Más que la era digital, vivimos la era de la manipulación en todos los aspectos de la vida cotidiana por unos poderes económicos, políticos, culturales y mediáticos que buscan librarse de la fuerza que tienen las legítimas reivindicaciones populares. Cuando la mayoría de los servicios públicos, recortados sus presupuestos, crean el ambiente idóneo para una privatización completa, la vida entera está en peligro. Ya no solo las empresas del agua y la electricidad son privadas, es toda la nación refundándose en un contubernio público-privado con la sanidad, la educación, la cultura, el deporte, las comunicaciones, los medios informativos generales y la militarización del Estado.
Gran parte del gobierno estatal, el autonómico y el municipal entienden que esta perversión se adapta a la realidad del mundo actual. Usan el poder democrático con que los elegimos para darlo a la libertad de la gran empresa y esto no solo afecta a las entidades públicas, sino también a las medianas y pequeñas empresas cooperativas que junto a cada persona ven privatizarse, a favor del gran empresario, sus derechos a la existencia con la aceptación del poder adquisitivo ciudadano como el súmmum valor para acceder a los bienes esenciales y, desacreditado el insostenible uso de las armas para defenderse, al acceso de algún poder en el abanico de la manipulación. Así los dos valores principales de nuestra convivencia, con la expansión de las guerras neocoloniales que nos hacen cómplices de un mortífero modelo de vida, alcanzan la máxima perversión.
Todos los trabajos y los trabajadores ya no dependen de su auténtica realización y necesidad, sino de la estimación ganancial que proyecten. La democracia se acomoda a la libertad de una pelea que se pacifica mediante la seguridad privada. Una aberración donde las grandes aseguradoras privadas eligen el valor que trasmitimos con un seguro privado. Nuestra humanidad se cotiza en un sistema donde la inmensa mayoría de la población no tiene voz ni voto para transformarlo. Frente a ello solo nos queda hacernos anti ese sistema y así evitar que nos prohíban el instinto de la supervivencia.

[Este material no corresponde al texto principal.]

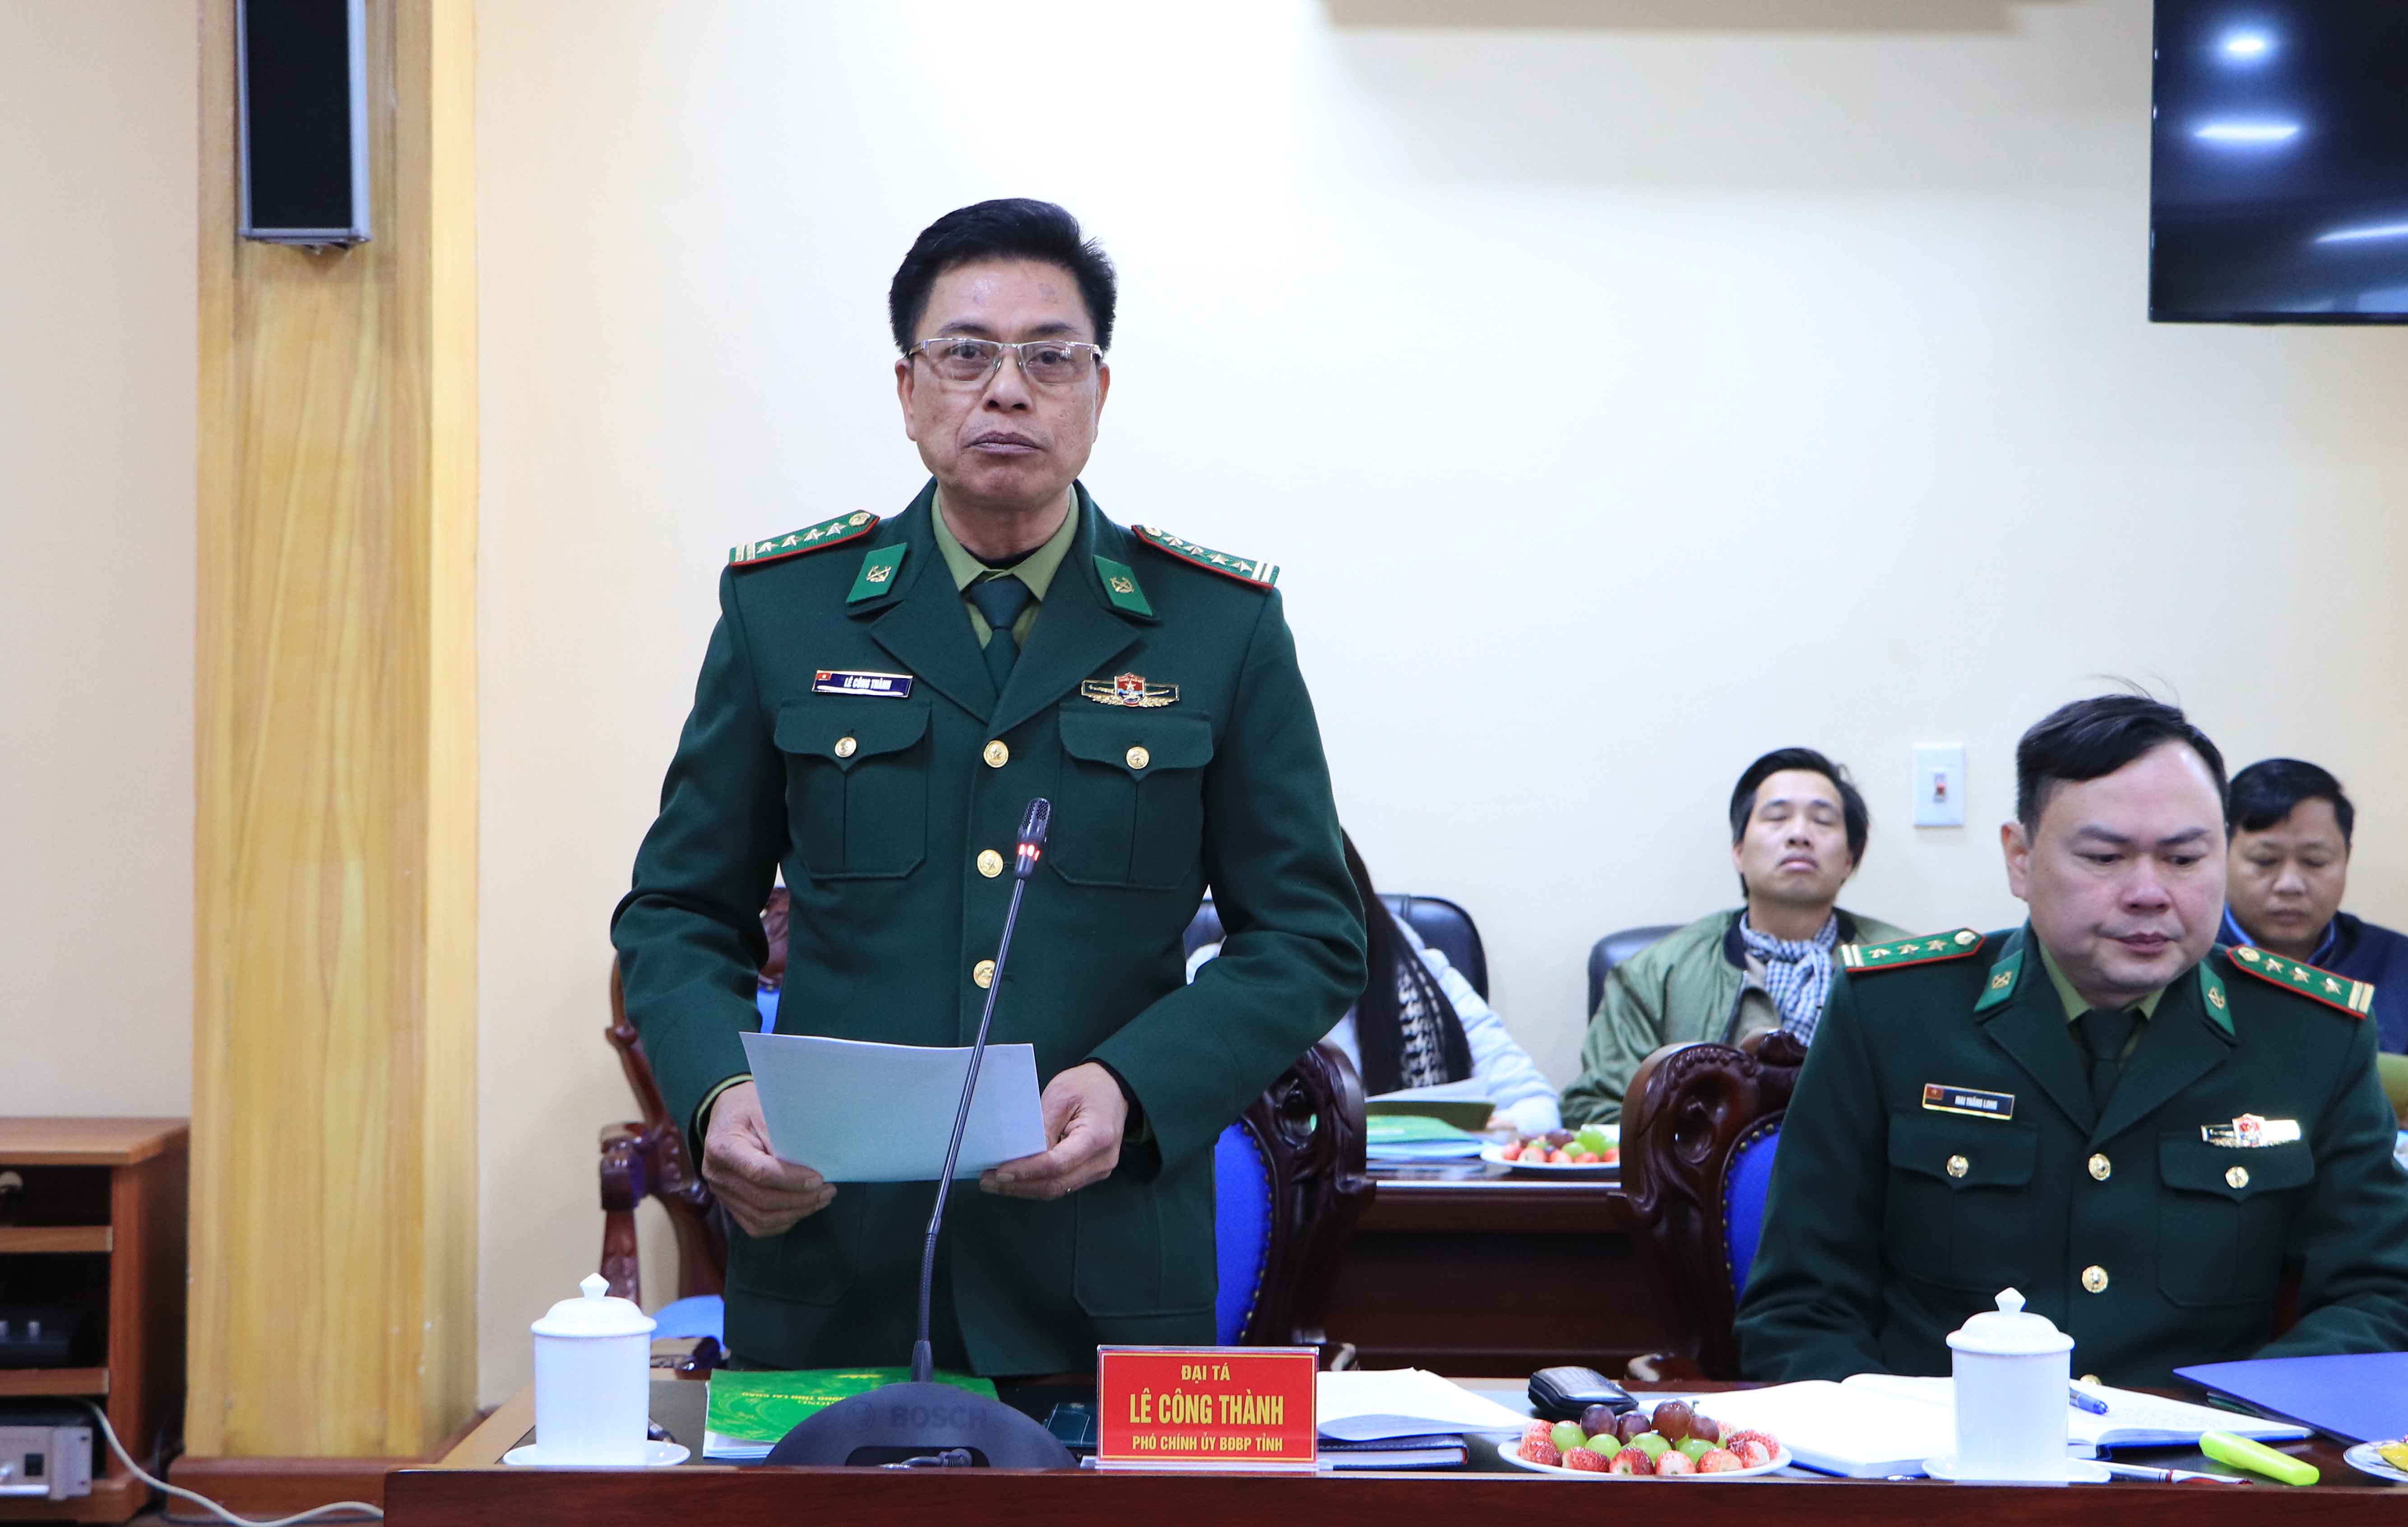 Đại tá Lê Công Thành – Phó Chính ủy Bộ Chỉ huy Bộ đội Biên phòng tỉnh thông tin kết quả công tác phối hợp tuyên truyền giữa Bộ Chỉ huy BĐBP tỉnh với các cơ quan thông tấn báo chí.

En Catalunya se empieza a imaginar un cambio radical y, a pesar de las múltiples dudas con el camino, dada la relevancia que tienen en él muchos de los que glorifican al sistema, estamos frente a la disyuntiva de creer o no creer que el proceso independentista puede alcanzar otras victorias. No creer es creer que las movilizaciones populares que luchan por una -aunque sea una sola-, legitimidad social, no crean capacidades para un cambio total. No creer es también creer que cada uno de nosotros significa muy poco. Entonces, hay que creer que nuestra mayor responsabilidad es con la esperanza. Creer que todo puede empezar no solo con las necesarias movilizaciones de la Diada y del 1 de octubre, sino en el imprescindible proceso constituyente que debe iniciarse al día siguiente donde han de blindarse tres declaraciones: 1-La lucha emprendida basa su justicia en que ha de ser compartida con todos los pueblos de España. 2-El modelo de producción y consumo que discrimina a millones de personas en sus iguales derechos a la vida y se engulle al planeta debe ser suprimido. 3-Las guerras neocoloniales deben ser condenadas como crímenes de lesa humanidad. Y solo después de este blindaje, comenzar a decidir que el derecho al sustento es de todos y que por ello ni el trabajo, ni la vivienda, ni el agua, ni la alimentación, ni la sanidad, ni la educación, ni la electricidad, ni el gas, ni las comunicaciones, ni los medios informativos generales, ni las principales investigaciones científicas y técnicas, ni la Banca y ni siquiera las buenas vacaciones deben su efectividad a su perversión. Por creer que Catalunya puede ser un comienzo, y apartándome de mis propias manipulaciones, rompo las cadenas del miedo que me inoculan el gobierno español, Europa y los privilegios del Primer Mundo al monopolizar la violencia de la ley con sus pervertidas democracia, libertad y paz pública, y participo del proceso independentista catalán. Puede que en estos momentos no existan en Catalunya y en España las disposiciones revolucionarias necesarias para las decisiones queridas, pero sí las pueden impulsar. Entonces, tal vez, Catalunya y España comprendan y aprendan algo sobre la resistencia de Cuba y Venezuela.